Um die Autofahrer vor sich selbst zu schützen wird z.B. an gefährlichen Kreuzungen „gekorkt” oder „geblockt”. Da stellen sich dann Radfahrer quer vor Autos, damit diese nicht versuchen irgendwie durch die Masse zu kommen und die anderen Radfahrer gefährden. Das Korken funktioniert beeindruckend gut.
Am Anfang ging es sogar in ein Parkhaus! Bei vielen Radfahrern sah man in den Gesichtern „wie jetzt???”, doch man konnte dort direkt rein und geradewegs wieder herausfahren. Die Gesichter der Autofahrer, die von den oberen Decks des Parkhauses kamen: unbezahlbar!
Kreuz und quer ging es durch die Essener Innenstadt, gemütliches treten in die Pedale. Ein Cargo-Bike hatte eine dermaßen geniale Musikbox auf dem Fahrrad, das die ganze Critical Mass beschallt wurde. Chillige Gute-Laune-Musik ertönte aus den Boxen und man hatte ein richtig geiles „WIR”-Gefühl. In Rüttenscheid saßen die Leute bei dem guten Wetter draußen in den zahlreichen Cafes und waren erstaunt über das Spektakel, welches sie da auf der Straße geboten bekamen. Manche streckten den Daumen in die Höhe, anderen applaudierten. Nur die Autofahrer waren ein wenig unentspannt, obwohl auch da einige freundlich gesinnt hupten!
Dann kam der große Kreisverkehr am Limbecker Platz! Und jetzt stelle man sich diesen Verbund an Radfahrern, dieses „eine” Fahrzeug dort vor! Immer kreisend! Herrlich!
Dann ging es langsam, nach rund 18 Kilometern, wieder zurück zum Ausgangspunkt. Die Leute klatschten. Ein neuer Rekord mit rund 175 Teilnehmern für die Critical Mass war erzielt. Dieses mittlerweile weltweite Phänomen hat in anderen Städten teilweise einige tausend Teilnehmer!
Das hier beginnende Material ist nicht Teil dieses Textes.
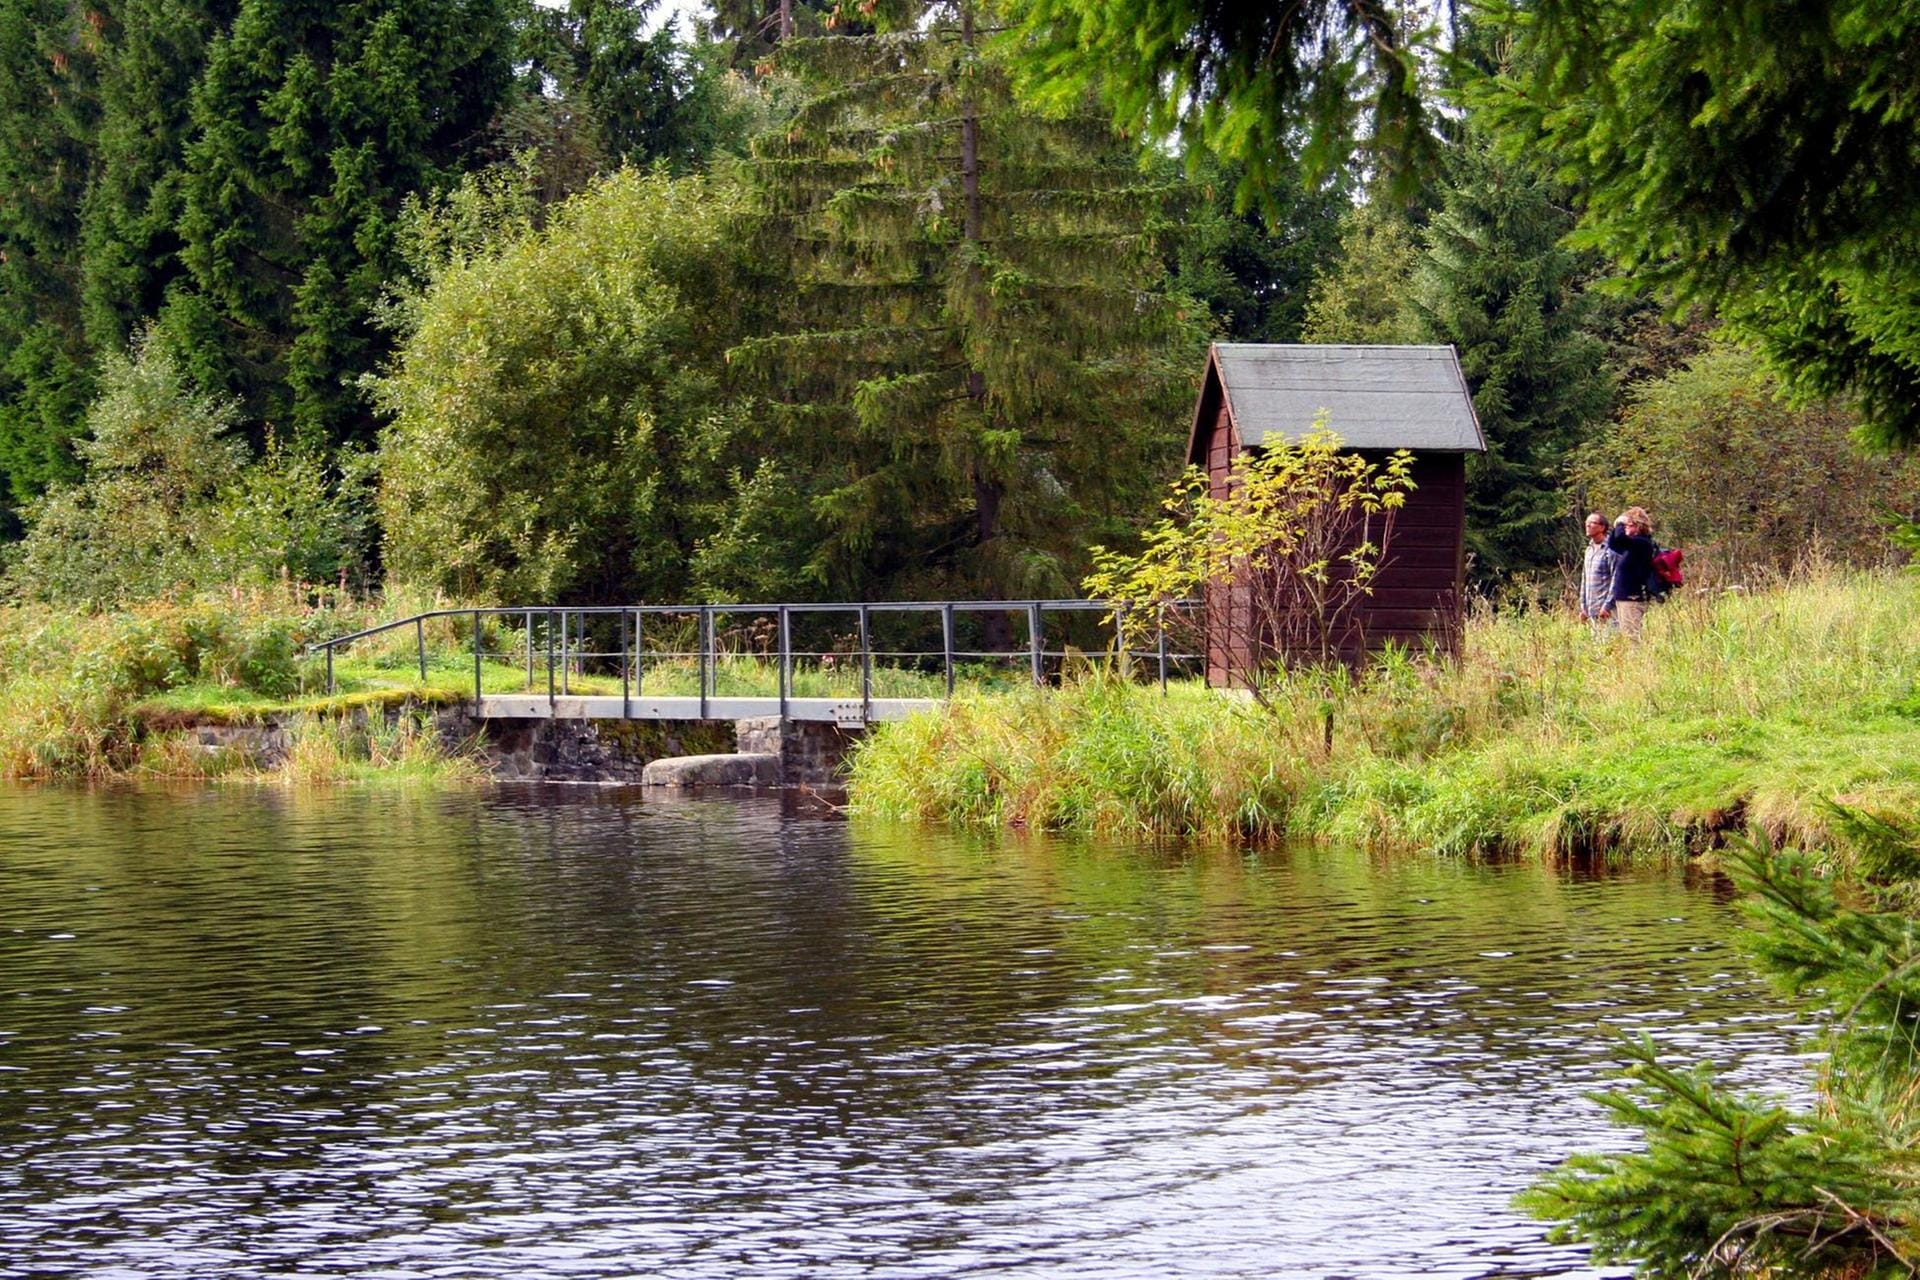 Im August 2010 wurde die "Oberharzer Wasserwirtschaft" in die Liste der Unesco-Welterbestätten aufgenommen. Die außergewöhnliche Anlage besteht aus historischen Teichen, Gräben und weiteren Wasserläufen.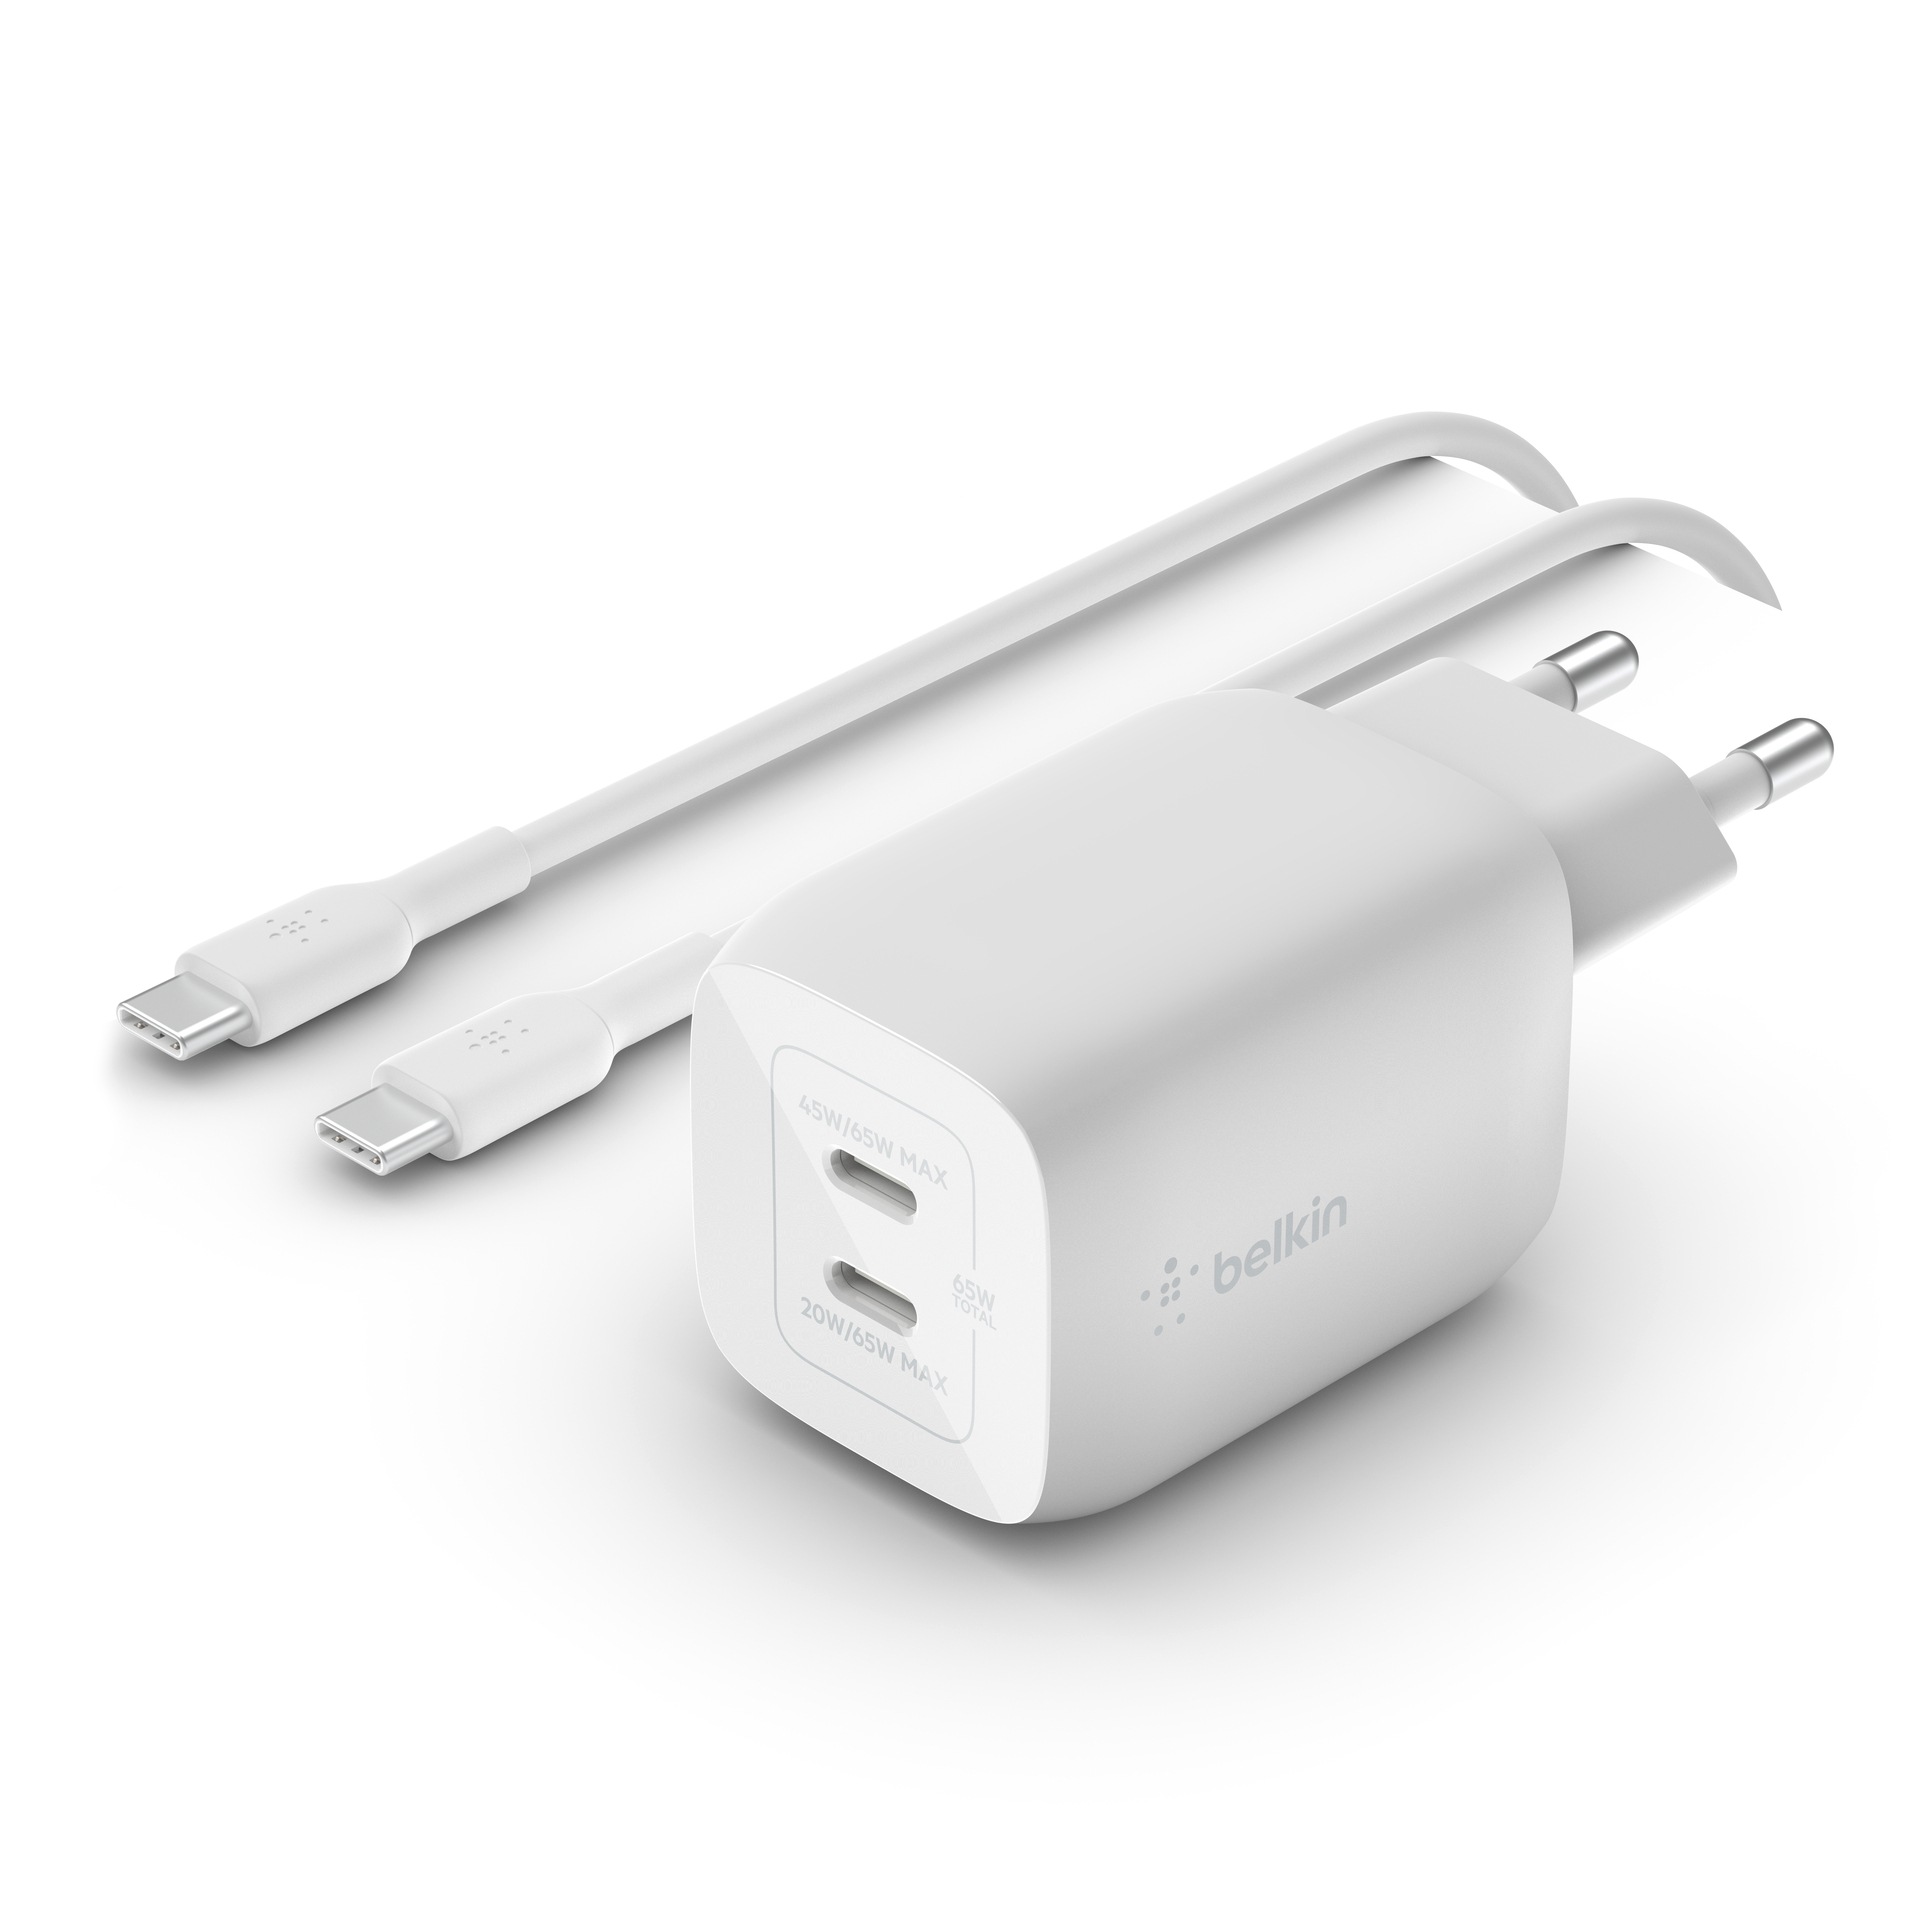 Belkin USB-Ladegerät »65W Dual USB-C GaN Ladegerät mit PD und PPS + 2m Kabel«, für Apple iPhone Samsung Galaxy Google Pixel

Ich fand dies hier schon beeindruckend!
Das wichtigste Anliegen der Critcal Mass ist nicht andere Verkehrsteilnehmer zu provozieren, sondern auf den Radverkehr im allgemeinen aufmerksam zu machen. So heißt das Motto dann auch „Wir sind Verkehr”. Und wie ich finde eine ganz hervorragende Sache. Jeder der Fahrrad fährt, sollte einmal an so einer Critical Mass teilnehmen. Es gibt sie bereits in vielen deutschen Städten!
Ich zumindest bin leicht euphorisch dann nach Hause geradelt. Mit dem Gefühl im Bauch, man kann doch was erreichen wenn man will!